-- Extracted entries follows --
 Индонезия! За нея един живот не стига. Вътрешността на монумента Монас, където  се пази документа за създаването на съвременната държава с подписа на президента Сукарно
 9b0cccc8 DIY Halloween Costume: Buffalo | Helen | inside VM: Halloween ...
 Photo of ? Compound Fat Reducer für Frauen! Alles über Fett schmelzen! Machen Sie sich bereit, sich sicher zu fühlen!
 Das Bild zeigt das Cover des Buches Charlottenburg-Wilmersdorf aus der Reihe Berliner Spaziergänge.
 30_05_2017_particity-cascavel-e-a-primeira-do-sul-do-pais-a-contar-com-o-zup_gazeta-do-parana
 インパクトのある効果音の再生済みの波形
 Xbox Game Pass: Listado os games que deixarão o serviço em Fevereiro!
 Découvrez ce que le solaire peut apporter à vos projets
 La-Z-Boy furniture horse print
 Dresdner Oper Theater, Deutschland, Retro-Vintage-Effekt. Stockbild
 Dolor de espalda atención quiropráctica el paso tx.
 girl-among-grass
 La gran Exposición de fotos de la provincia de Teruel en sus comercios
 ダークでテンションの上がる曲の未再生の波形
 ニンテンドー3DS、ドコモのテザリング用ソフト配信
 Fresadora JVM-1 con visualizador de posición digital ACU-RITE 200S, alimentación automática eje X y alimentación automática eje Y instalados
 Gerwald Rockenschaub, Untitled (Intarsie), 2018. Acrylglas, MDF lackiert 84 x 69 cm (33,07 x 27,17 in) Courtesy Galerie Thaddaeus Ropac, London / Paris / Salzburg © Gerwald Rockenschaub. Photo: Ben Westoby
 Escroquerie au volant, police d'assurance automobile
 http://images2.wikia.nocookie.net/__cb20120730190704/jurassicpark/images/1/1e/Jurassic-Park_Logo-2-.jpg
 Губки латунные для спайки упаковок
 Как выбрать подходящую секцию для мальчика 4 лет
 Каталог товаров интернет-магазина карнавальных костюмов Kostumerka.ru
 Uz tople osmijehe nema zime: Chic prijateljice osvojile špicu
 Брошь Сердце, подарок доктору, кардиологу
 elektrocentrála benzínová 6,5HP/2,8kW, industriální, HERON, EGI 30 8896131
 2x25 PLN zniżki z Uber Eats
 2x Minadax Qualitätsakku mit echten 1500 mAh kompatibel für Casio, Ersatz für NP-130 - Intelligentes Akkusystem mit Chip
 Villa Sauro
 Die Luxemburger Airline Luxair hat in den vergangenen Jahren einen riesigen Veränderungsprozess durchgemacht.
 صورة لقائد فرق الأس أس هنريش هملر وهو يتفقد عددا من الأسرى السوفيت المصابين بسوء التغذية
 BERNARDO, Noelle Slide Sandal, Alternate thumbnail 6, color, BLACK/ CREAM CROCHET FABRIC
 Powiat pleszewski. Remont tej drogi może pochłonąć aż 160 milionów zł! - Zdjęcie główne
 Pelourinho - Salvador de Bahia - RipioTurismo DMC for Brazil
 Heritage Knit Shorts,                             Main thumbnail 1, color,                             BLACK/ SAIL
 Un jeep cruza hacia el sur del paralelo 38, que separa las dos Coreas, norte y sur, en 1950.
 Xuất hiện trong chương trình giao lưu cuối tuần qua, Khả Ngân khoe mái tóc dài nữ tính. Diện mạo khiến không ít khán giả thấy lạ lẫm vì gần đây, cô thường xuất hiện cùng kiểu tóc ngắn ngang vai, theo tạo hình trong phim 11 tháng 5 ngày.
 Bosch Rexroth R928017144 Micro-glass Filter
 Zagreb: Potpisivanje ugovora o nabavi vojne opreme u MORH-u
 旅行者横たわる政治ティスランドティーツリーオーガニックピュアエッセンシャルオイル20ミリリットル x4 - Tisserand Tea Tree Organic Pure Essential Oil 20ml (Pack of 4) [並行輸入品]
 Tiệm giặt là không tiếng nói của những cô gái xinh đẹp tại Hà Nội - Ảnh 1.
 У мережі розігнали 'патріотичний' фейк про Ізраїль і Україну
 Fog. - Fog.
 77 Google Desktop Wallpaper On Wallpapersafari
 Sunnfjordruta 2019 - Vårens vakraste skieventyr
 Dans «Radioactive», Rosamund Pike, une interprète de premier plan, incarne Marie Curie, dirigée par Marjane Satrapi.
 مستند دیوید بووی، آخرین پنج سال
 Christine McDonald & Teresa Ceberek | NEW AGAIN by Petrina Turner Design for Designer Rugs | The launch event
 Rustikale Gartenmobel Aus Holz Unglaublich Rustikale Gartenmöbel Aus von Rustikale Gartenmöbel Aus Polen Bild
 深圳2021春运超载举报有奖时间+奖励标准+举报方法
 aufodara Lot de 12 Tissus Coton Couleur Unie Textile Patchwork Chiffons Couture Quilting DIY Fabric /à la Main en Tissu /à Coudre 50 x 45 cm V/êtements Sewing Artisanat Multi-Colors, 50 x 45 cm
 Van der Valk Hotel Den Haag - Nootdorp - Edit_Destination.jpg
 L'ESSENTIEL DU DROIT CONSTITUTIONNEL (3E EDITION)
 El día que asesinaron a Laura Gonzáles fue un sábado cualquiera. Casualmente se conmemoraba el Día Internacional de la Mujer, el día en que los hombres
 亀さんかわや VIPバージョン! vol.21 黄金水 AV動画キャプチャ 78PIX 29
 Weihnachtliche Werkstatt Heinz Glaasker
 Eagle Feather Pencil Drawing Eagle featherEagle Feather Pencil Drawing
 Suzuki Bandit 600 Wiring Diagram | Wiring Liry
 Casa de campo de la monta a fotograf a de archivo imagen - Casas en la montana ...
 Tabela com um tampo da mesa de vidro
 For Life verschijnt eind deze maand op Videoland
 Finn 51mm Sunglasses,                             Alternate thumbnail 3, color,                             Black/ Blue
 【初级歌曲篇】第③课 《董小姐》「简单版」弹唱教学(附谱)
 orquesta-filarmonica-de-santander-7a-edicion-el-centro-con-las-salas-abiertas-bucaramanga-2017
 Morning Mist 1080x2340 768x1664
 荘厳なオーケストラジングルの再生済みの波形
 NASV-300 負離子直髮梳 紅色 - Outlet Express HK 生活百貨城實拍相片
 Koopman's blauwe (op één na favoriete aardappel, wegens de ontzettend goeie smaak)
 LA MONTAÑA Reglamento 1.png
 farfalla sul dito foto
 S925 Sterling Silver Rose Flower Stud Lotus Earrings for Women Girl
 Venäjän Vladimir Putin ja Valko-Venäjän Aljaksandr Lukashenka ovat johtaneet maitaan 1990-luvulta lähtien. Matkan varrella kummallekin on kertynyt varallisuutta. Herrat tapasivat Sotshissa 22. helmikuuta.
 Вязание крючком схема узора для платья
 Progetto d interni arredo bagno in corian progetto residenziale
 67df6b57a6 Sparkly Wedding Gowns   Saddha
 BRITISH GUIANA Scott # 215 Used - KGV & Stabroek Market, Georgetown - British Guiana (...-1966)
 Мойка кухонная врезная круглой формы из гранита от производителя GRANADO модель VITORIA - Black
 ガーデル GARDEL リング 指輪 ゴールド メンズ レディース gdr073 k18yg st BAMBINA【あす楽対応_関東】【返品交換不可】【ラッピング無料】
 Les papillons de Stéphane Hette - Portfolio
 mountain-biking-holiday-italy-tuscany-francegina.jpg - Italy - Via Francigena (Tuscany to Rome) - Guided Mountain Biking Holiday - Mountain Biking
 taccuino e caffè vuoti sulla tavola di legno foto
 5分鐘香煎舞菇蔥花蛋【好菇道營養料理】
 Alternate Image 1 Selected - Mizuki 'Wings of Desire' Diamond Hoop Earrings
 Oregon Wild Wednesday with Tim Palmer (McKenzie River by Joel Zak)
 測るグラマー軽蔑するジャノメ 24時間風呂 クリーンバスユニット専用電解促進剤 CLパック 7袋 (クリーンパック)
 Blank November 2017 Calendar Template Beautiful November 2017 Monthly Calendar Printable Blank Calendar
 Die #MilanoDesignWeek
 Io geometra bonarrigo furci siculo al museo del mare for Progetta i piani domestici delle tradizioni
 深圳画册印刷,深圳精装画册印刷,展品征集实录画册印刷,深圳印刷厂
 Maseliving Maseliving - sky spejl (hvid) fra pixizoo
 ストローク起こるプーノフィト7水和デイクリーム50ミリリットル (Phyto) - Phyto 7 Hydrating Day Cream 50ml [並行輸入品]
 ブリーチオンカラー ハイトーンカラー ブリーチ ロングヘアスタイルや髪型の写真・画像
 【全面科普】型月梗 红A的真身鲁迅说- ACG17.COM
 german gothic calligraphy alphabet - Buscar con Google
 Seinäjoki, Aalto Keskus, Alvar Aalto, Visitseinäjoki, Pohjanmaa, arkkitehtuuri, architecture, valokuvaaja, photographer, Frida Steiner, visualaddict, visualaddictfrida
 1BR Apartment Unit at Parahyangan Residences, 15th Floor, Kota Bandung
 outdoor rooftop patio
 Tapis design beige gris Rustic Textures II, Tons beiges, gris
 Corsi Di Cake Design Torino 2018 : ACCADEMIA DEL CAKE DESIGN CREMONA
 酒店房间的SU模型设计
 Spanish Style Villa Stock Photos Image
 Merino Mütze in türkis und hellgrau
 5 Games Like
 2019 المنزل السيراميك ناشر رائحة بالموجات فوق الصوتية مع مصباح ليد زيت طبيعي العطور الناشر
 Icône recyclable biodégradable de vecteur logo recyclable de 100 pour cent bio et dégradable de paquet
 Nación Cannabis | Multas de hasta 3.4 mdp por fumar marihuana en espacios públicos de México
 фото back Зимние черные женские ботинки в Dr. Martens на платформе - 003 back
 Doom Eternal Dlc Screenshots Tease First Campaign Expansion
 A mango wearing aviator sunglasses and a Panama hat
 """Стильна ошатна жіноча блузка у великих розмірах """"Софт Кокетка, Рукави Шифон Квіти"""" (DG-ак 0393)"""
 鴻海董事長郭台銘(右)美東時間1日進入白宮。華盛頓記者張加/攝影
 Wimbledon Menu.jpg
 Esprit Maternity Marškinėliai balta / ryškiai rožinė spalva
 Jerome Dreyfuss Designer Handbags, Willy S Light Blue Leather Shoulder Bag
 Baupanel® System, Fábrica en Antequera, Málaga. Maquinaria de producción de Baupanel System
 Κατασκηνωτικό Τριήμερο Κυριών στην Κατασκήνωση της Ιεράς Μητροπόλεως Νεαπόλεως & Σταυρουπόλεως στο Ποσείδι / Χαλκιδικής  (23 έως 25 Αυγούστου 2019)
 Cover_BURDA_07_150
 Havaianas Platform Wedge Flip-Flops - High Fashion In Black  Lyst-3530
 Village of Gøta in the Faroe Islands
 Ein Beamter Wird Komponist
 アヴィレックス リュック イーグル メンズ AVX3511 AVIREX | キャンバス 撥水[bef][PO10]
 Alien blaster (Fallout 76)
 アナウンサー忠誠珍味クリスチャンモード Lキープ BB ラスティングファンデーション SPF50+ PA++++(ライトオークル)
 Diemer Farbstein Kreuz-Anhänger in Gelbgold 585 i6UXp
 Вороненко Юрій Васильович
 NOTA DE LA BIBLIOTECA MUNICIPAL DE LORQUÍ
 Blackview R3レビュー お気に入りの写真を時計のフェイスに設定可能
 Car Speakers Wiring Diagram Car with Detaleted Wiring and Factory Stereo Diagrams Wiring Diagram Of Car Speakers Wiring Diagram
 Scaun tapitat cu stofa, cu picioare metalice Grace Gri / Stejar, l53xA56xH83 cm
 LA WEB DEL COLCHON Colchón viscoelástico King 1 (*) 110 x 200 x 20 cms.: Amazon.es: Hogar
-- Extracted entries concluded --
▶ [Instructions to follow]: Give back, word for word, only the lines above from the line holding "Xuất hiện trong" to the line holding "L'ESSENTIEL DU DROIT", both included.

▶ [Written response]:
 Xuất hiện trong chương trình giao lưu cuối tuần qua, Khả Ngân khoe mái tóc dài nữ tính. Diện mạo khiến không ít khán giả thấy lạ lẫm vì gần đây, cô thường xuất hiện cùng kiểu tóc ngắn ngang vai, theo tạo hình trong phim 11 tháng 5 ngày.
 Bosch Rexroth R928017144 Micro-glass Filter
 Zagreb: Potpisivanje ugovora o nabavi vojne opreme u MORH-u
 旅行者横たわる政治ティスランドティーツリーオーガニックピュアエッセンシャルオイル20ミリリットル x4 - Tisserand Tea Tree Organic Pure Essential Oil 20ml (Pack of 4) [並行輸入品]
 Tiệm giặt là không tiếng nói của những cô gái xinh đẹp tại Hà Nội - Ảnh 1.
 У мережі розігнали 'патріотичний' фейк про Ізраїль і Україну
 Fog. - Fog.
 77 Google Desktop Wallpaper On Wallpapersafari
 Sunnfjordruta 2019 - Vårens vakraste skieventyr
 Dans «Radioactive», Rosamund Pike, une interprète de premier plan, incarne Marie Curie, dirigée par Marjane Satrapi.
 مستند دیوید بووی، آخرین پنج سال
 Christine McDonald & Teresa Ceberek | NEW AGAIN by Petrina Turner Design for Designer Rugs | The launch event
 Rustikale Gartenmobel Aus Holz Unglaublich Rustikale Gartenmöbel Aus von Rustikale Gartenmöbel Aus Polen Bild
 深圳2021春运超载举报有奖时间+奖励标准+举报方法
 aufodara Lot de 12 Tissus Coton Couleur Unie Textile Patchwork Chiffons Couture Quilting DIY Fabric /à la Main en Tissu /à Coudre 50 x 45 cm V/êtements Sewing Artisanat Multi-Colors, 50 x 45 cm
 Van der Valk Hotel Den Haag - Nootdorp - Edit_Destination.jpg
 L'ESSENTIEL DU DROIT CONSTITUTIONNEL (3E EDITION)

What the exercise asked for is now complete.